Return all of the data exactly, omitting any images.

-- Information shown --
┏━━

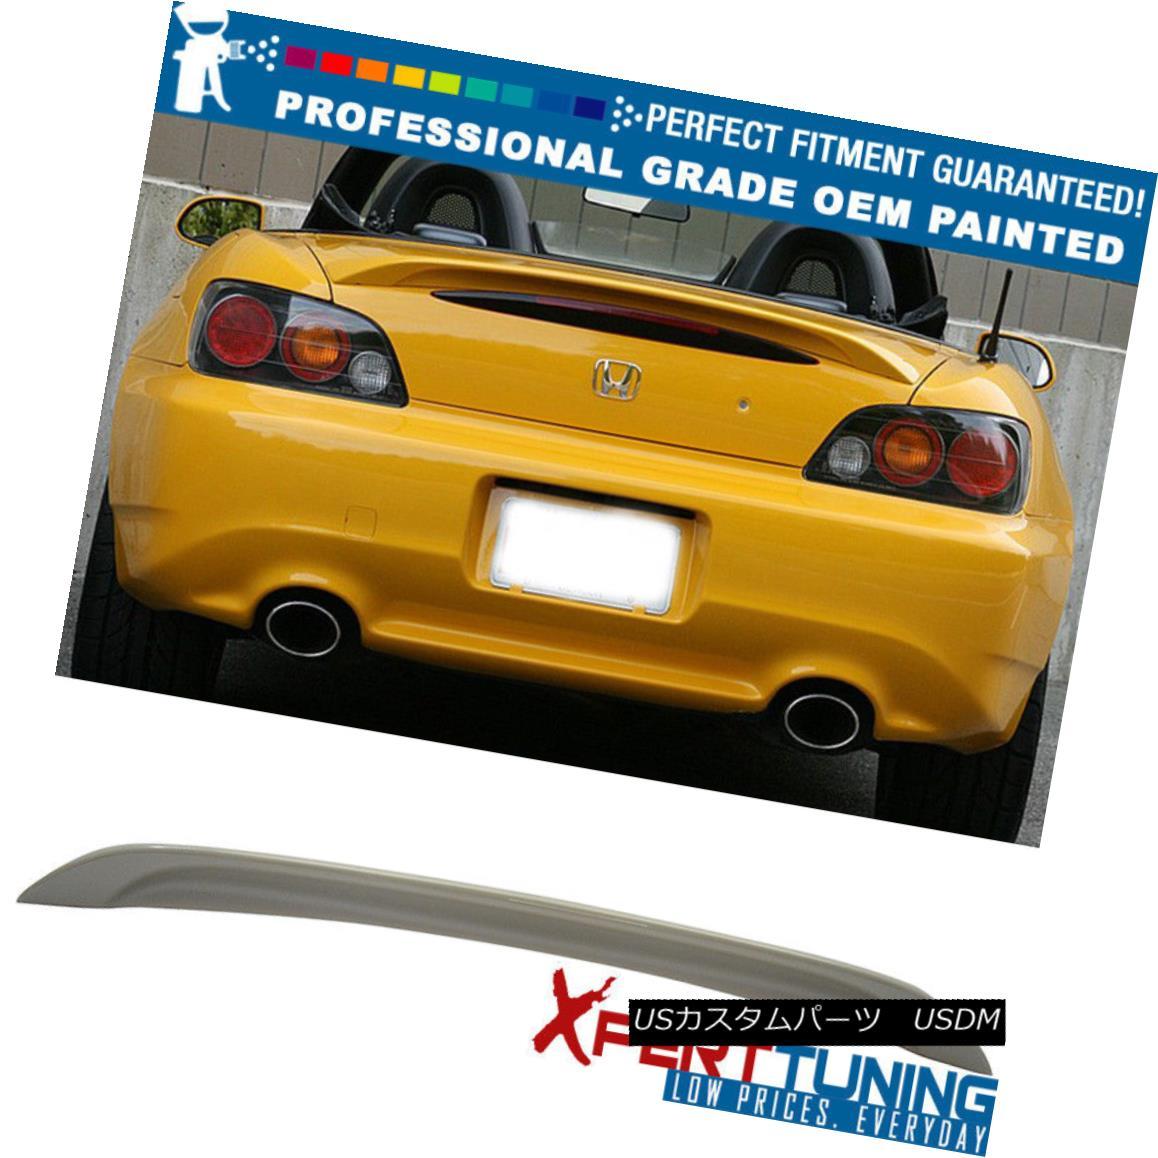 エアロパーツ 00-09 Honda S2000 2Dr AP1 AP2 OE Painted ABS Trunk Spoiler - OEM Painted Color 00-09ホンダS2000 2Dr AP1 AP2 OE塗装ABSトランク・スポイラー - OEM塗装色
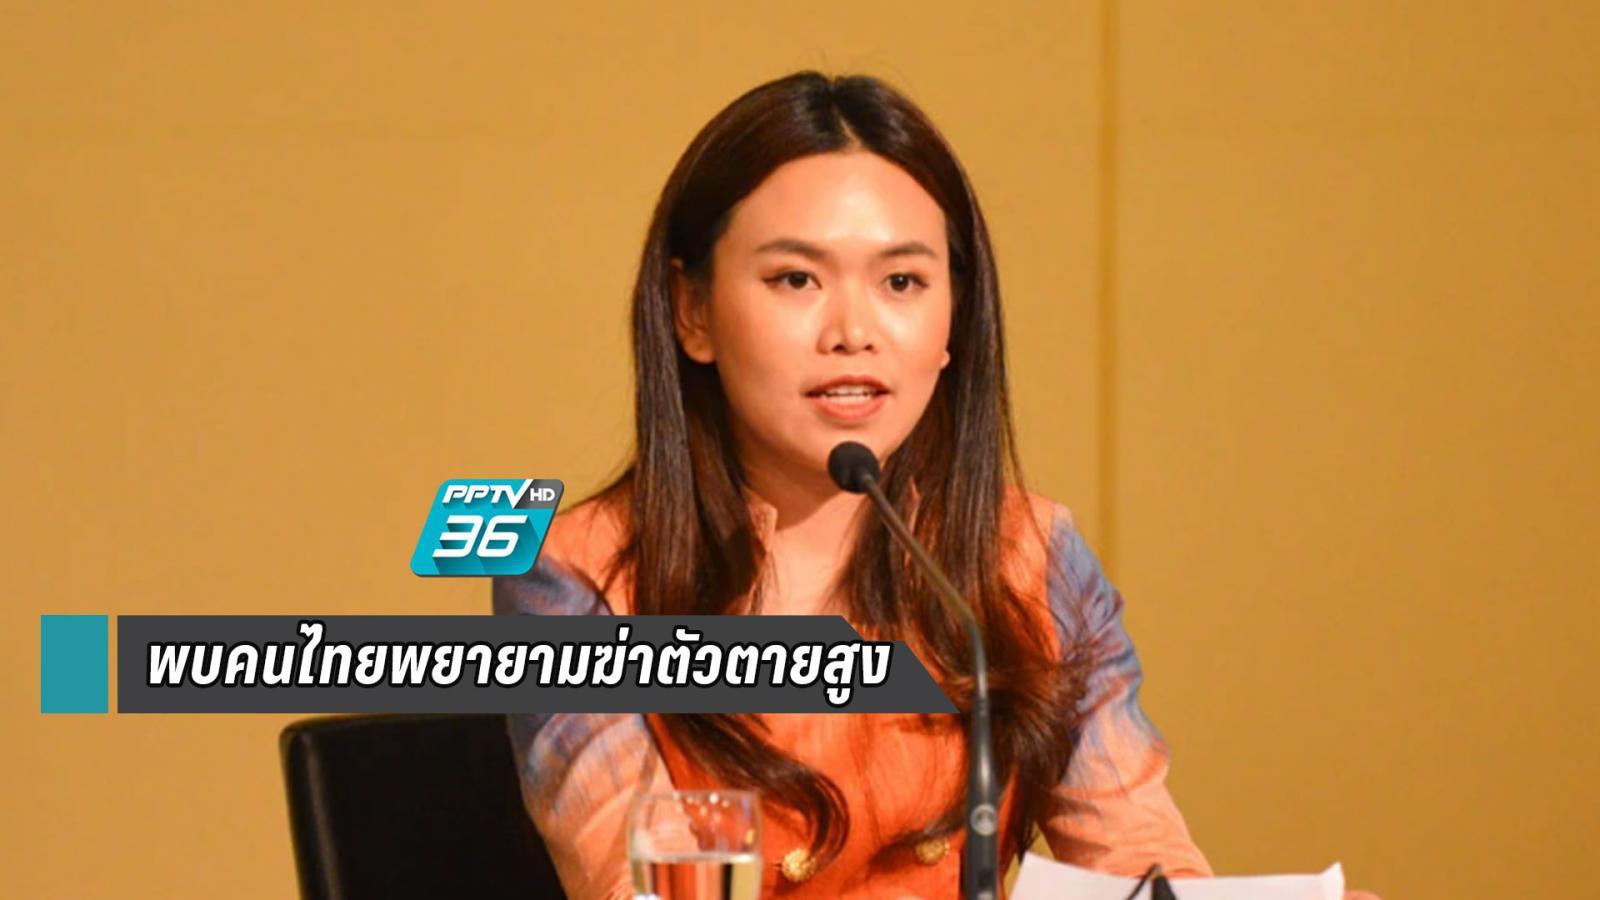 รัฐบาล ห่วงโรคซึมเศร้า หลังพบคนไทยพยายามฆ่าตัวตายปีละ 5.3 หมื่นคน
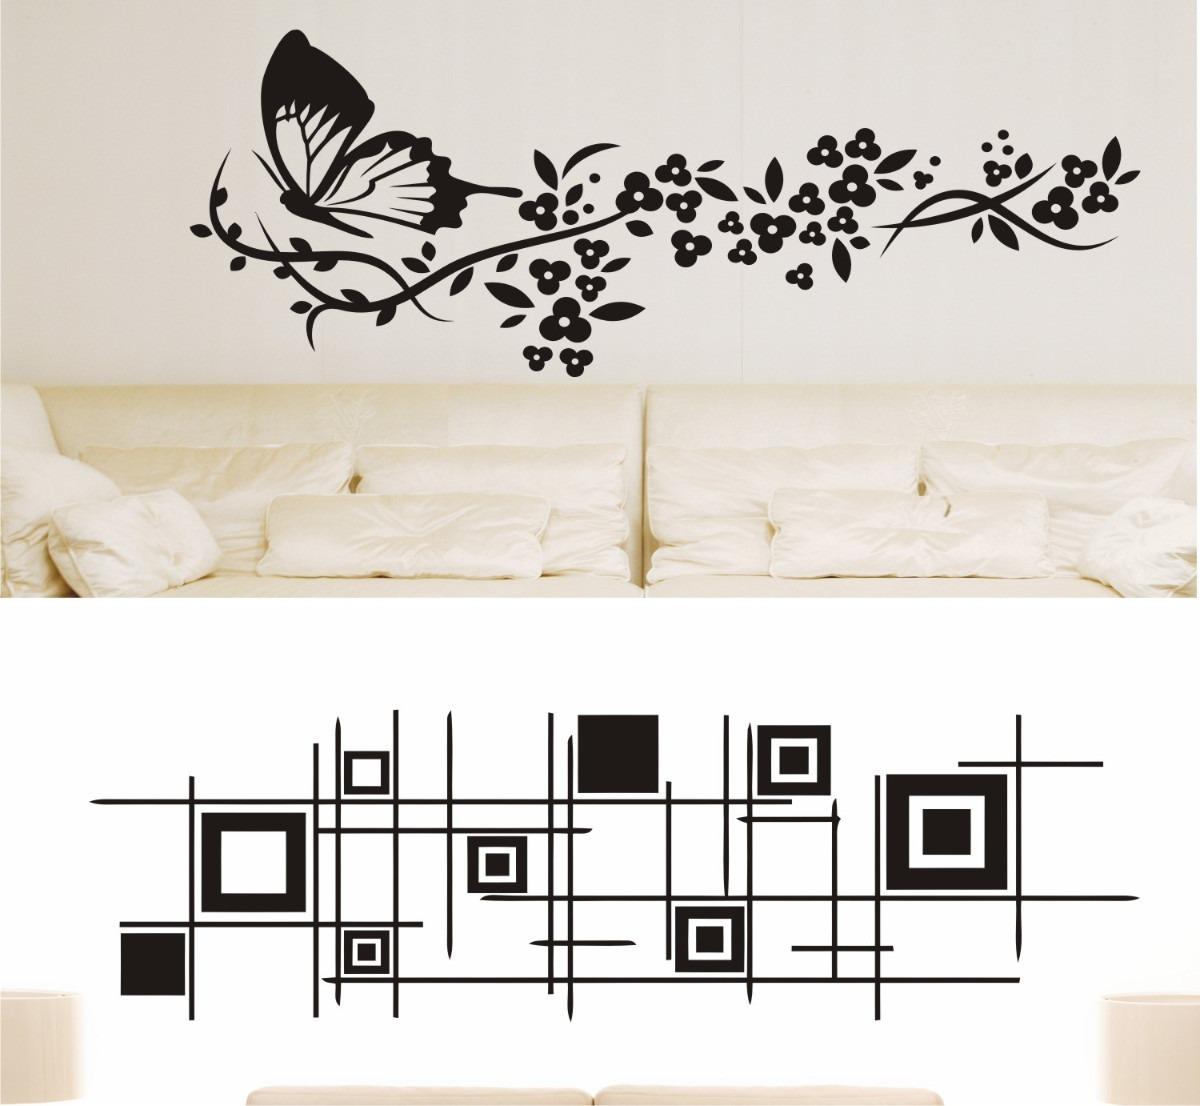 Adesivo De Parede Decorativo Arabescos Floral Flores R 36 89 Em  -> Adesivo Parede Sala Estar

┗━━

-- Written solution --
 エアロパーツ 00-09 Honda S2000 2Dr AP1 AP2 OE Painted ABS Trunk Spoiler - OEM Painted Color 00-09ホンダS2000 2Dr AP1 AP2 OE塗装ABSトランク・スポイラー - OEM塗装色
 รัฐบาล ห่วงโรคซึมเศร้า หลังพบคนไทยพยายามฆ่าตัวตายปีละ 5.3 หมื่นคน
 Adesivo De Parede Decorativo Arabescos Floral Flores R 36 89 Em  -> Adesivo Parede Sala Estar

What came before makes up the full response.